- Decades:: 1940s; 1950s; 1960s; 1970s; 1980s;
- See also:: Other events of 1963 List of years in Afghanistan

= 1963 in Afghanistan =

The following lists events that happened during 1963 in Afghanistan.

Both the United States and the Soviet Union continued their road-building projects in Afghanistan. The U.S. grades and paves the road from Kabul to Peshawar (Pakistan) and is building another road, costing more than $30,000,000, from Kabul to Kandahar and thence to the Pakistan border. The Soviets are building a tunnel to connect the modern road from the Oxus river (their frontier with Afghanistan) to Kabul, at an estimated cost of $40,000,000.

==Incumbents==
- Monarch – Mohammed Zahir Shah
- Prime Minister – Mohammed Daoud Khan (until 10 March), Mohammad Yusuf (starting 10 March)

==February 25, 1963==
A Soviet-Afghan trade protocol is signed in Moscow, pursuant to which Afghanistan is to export wool, cotton, dried and fresh fruits, and oilseeds in exchange for motor vehicles, rolled steel, oil products, and consumer goods.

==March 1963==
For the first time in Afghan history, a new administration is formed with no members of the royal family in the cabinet, when Sardar (Prince) Mohammad Daud Khan resigns and a commoner, Mohammad Yusuf, is appointed to the prime ministership.
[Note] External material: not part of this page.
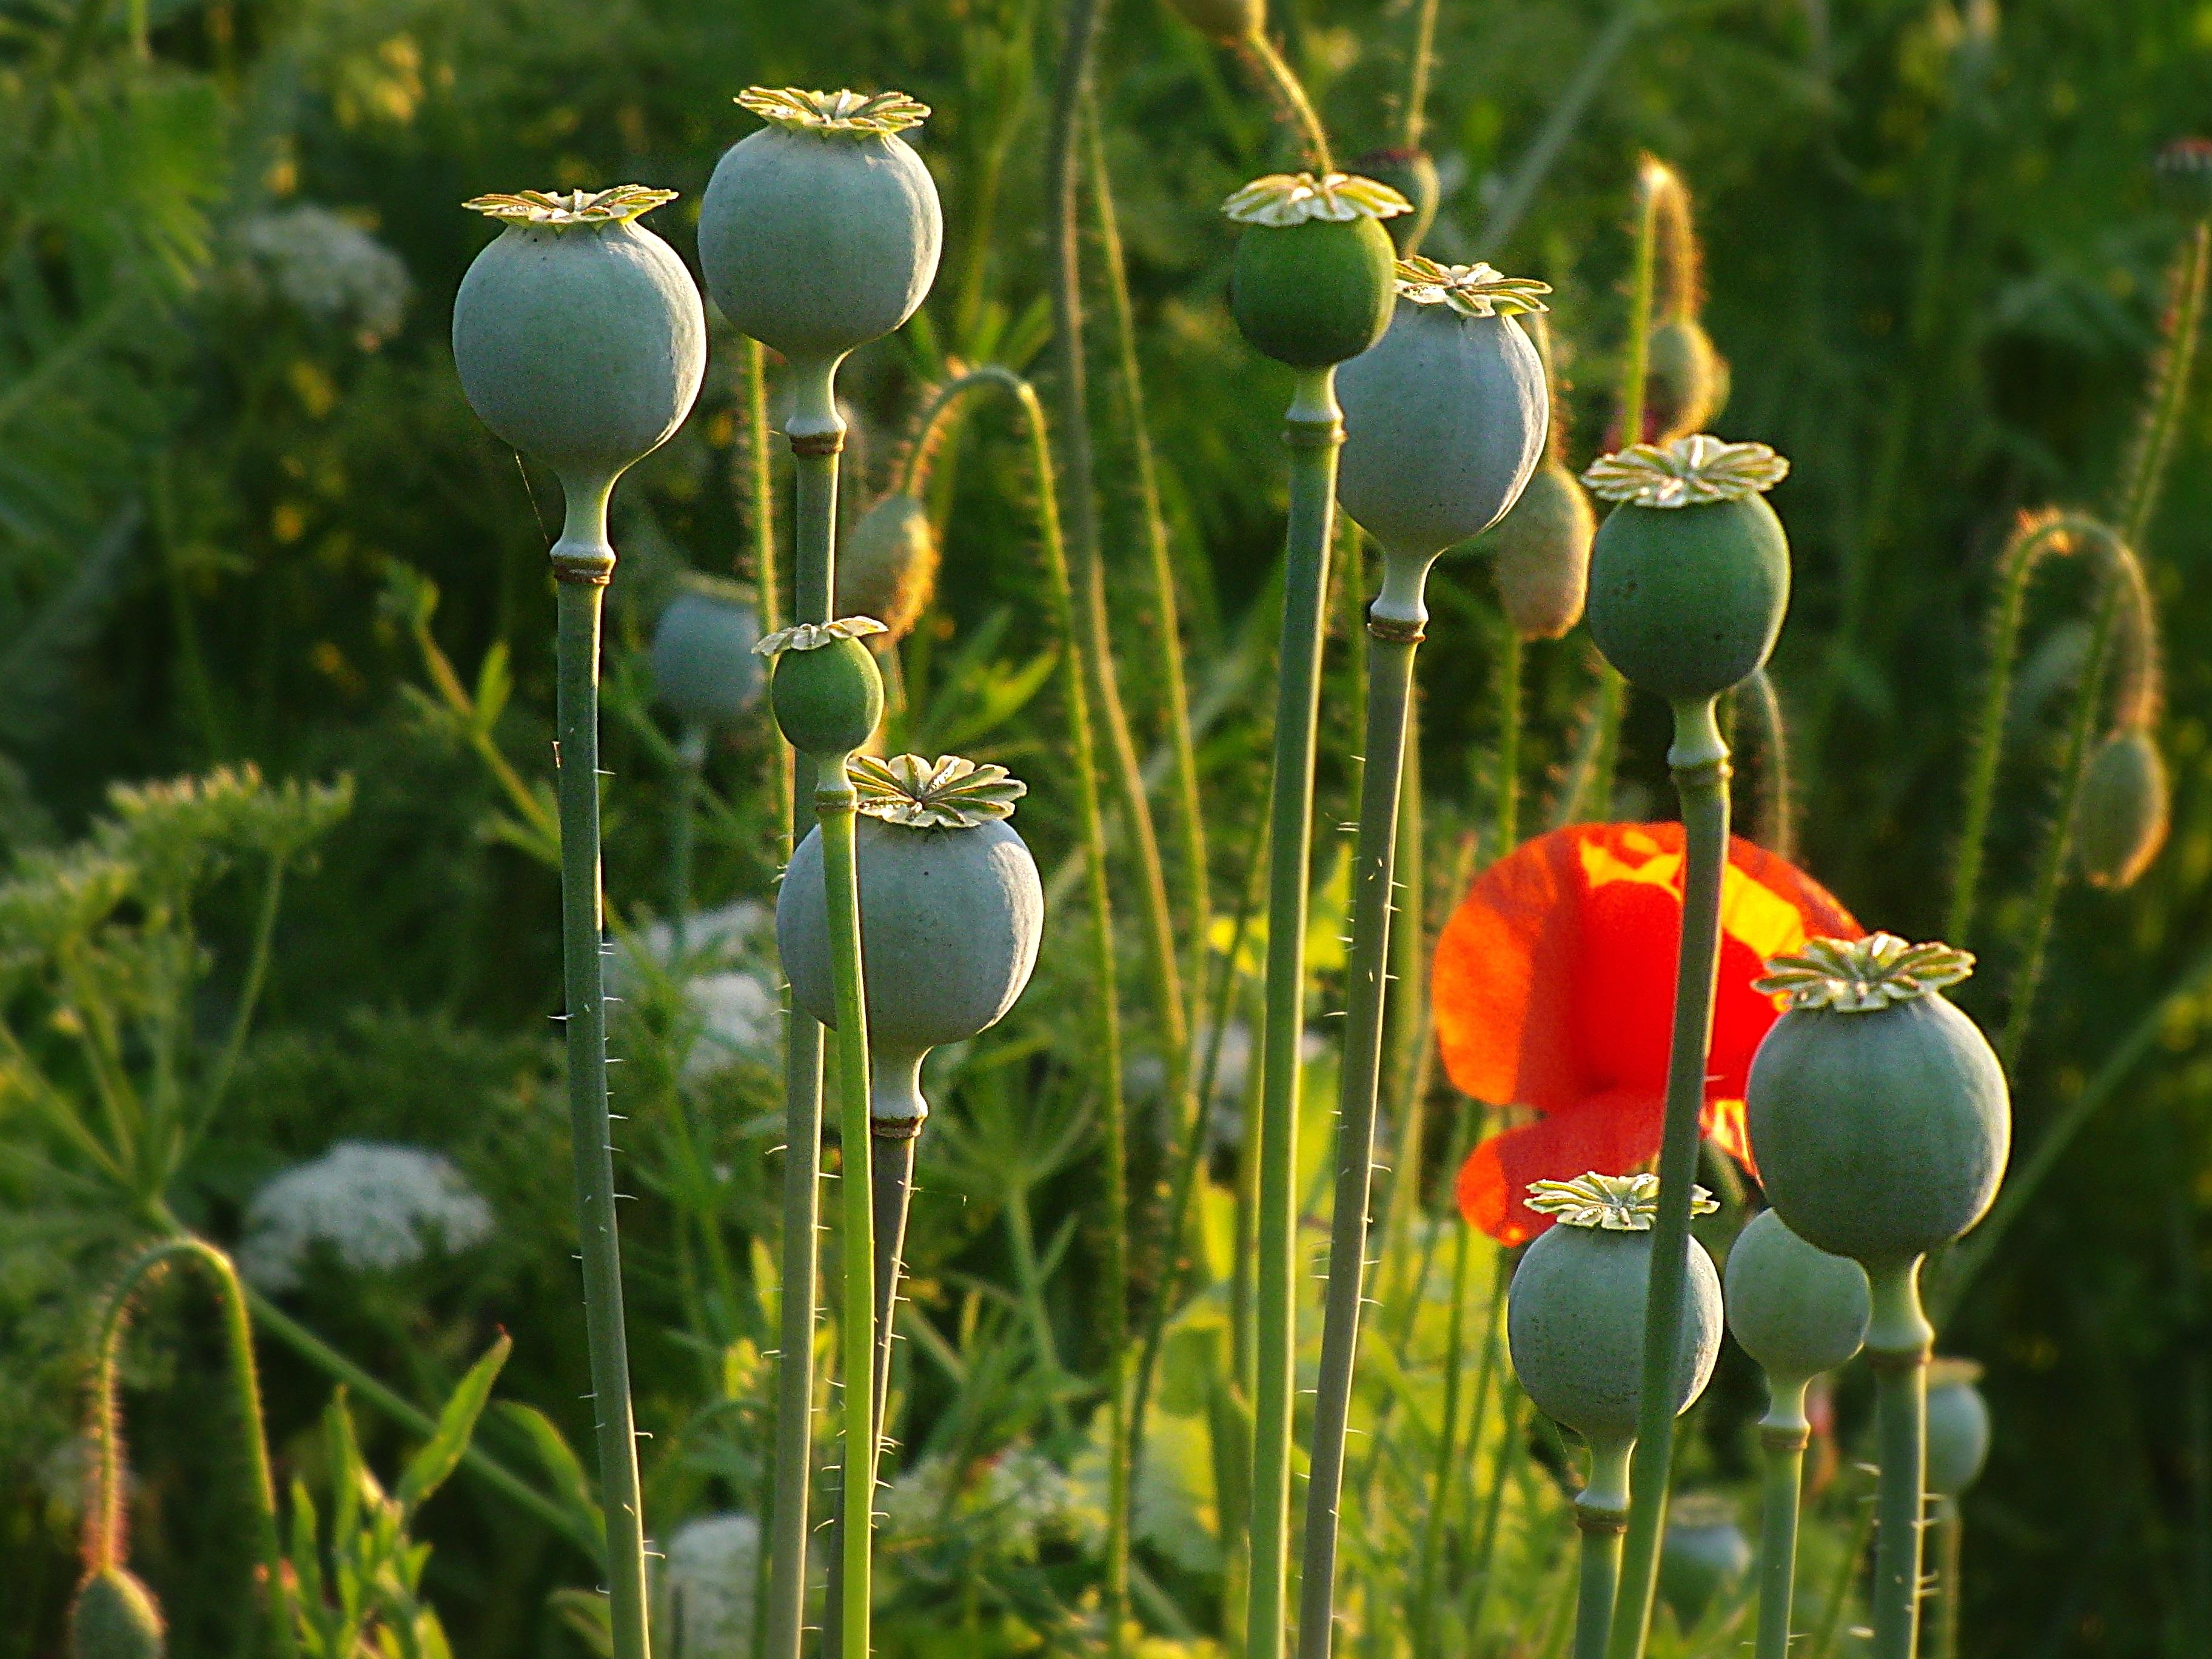 Free Images Klatschmohn Poppy Flower Red Field Of Poppies
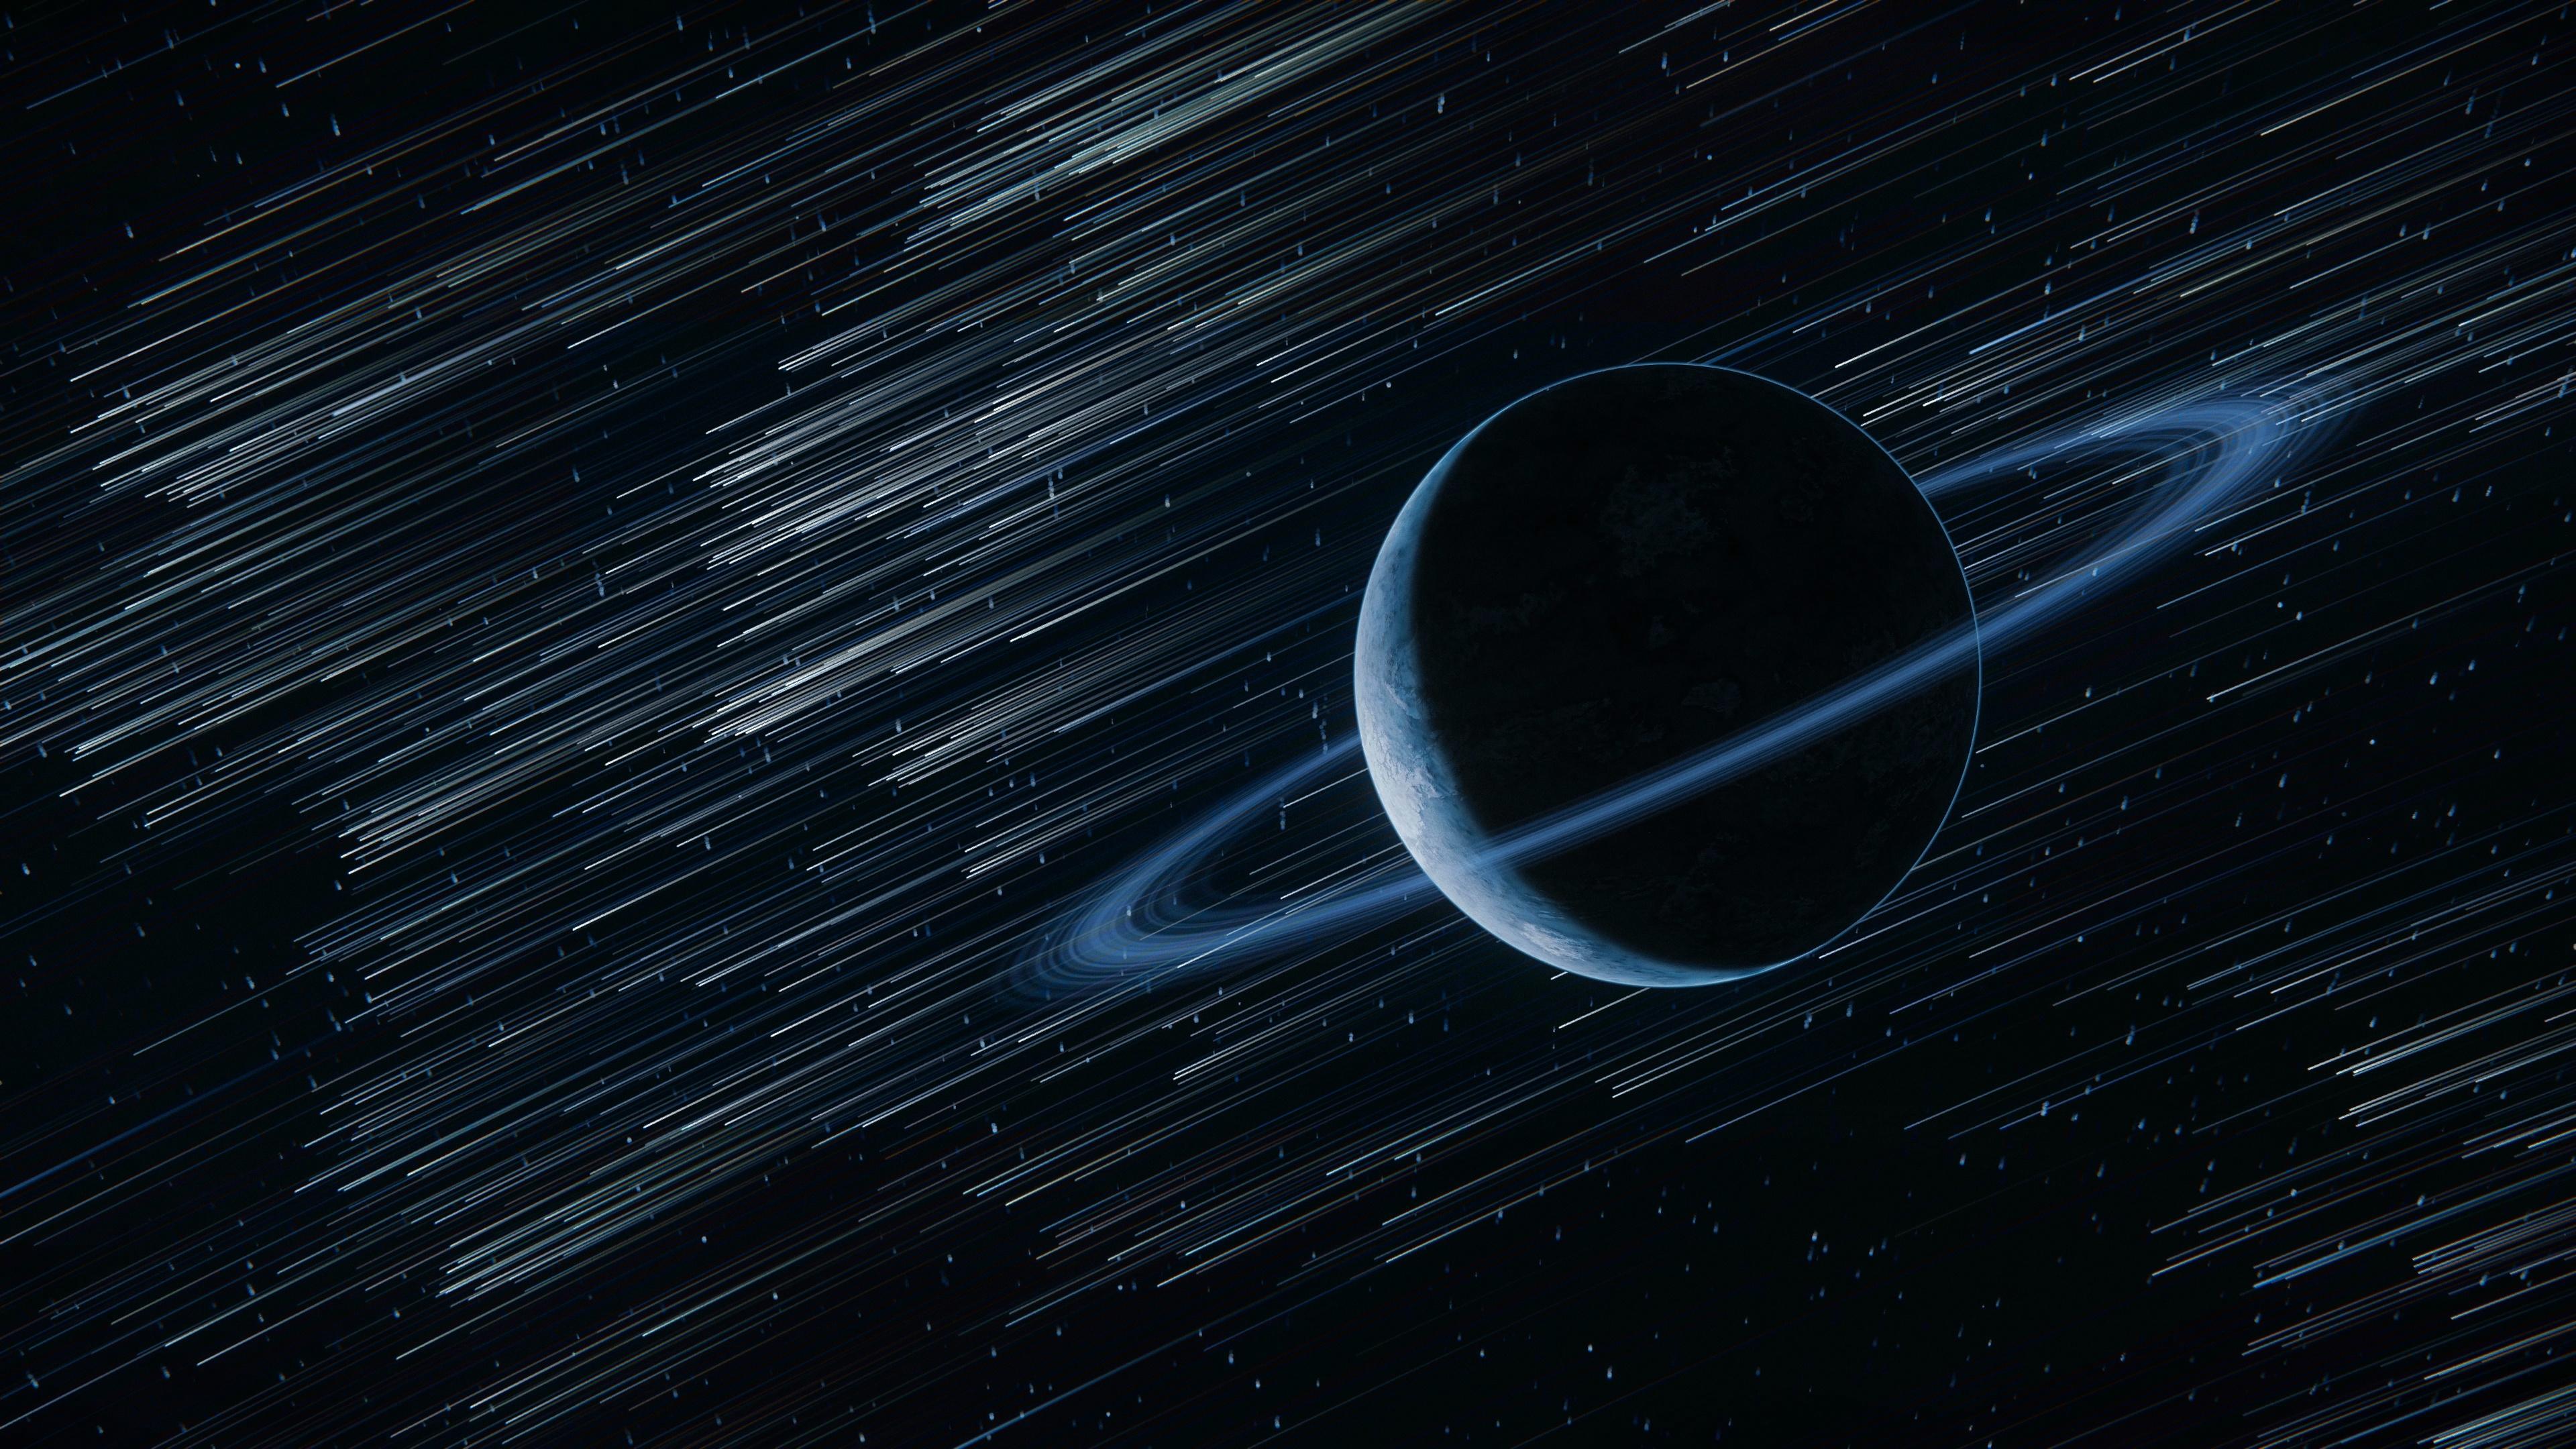 Saturn Planet Wallpaper Hd Artist 4k Wallpapers Images

The new prime minister announces his cabinet on March 13, 1963; he makes several shifts within the cabinet, taking charge of external affairs, appointing new first and second deputy premiers, and changing other posts. His most controversial appointment is the designation of Gen. Mohammad Khan, who was dismissed as governor of Kandahar by a previous cabinet, as defense minister. The new prime minister undertakes serious currency reform, abrogating multiple rates which priced the Afghani to the U.S. dollar at anything from 20 to 57, while the free market rate was near 50.7. The new, uniform rate establishes 45 Afghanis to the dollar for all transactions. The reform is supported by the International Monetary Fund, which assigns Afghanistan a drawing fund of $5,625,000 to support Afghan foreign exchange reserves during the transition period.

==April 26, 1963==
An announcement is made that the U.S. Agency for International Development (AID) has granted Afghanistan a loan of $2,652,000 for the purchase of three U.S. passenger aircraft to be used by Ariana Afghan Airlines.

==Week of May 11, 1963==
Sarvepalli Radhakrishnan, the president of India, visits Kabul.

==June 4, 1963==
The prime minister receives a unanimous vote of confidence from the National Assembly. During the same month a constitutional commission, aided by the French expert Louis Phojean, enters the final phases of drafting a new constitution.

==Late July 1963==
In pursuance of better relations, the Afghan-Pakistan frontier is reopened, largely through the peace efforts of the Shah of Iran.

==Early September 1963==
King Mohammad Zahir Shah and his queen pay their first state visit to Washington, D.C.; on September 7 the king and U.S. Pres. John F. Kennedy issue a joint statement which places special emphasis on the Afghan policy of nonalignment.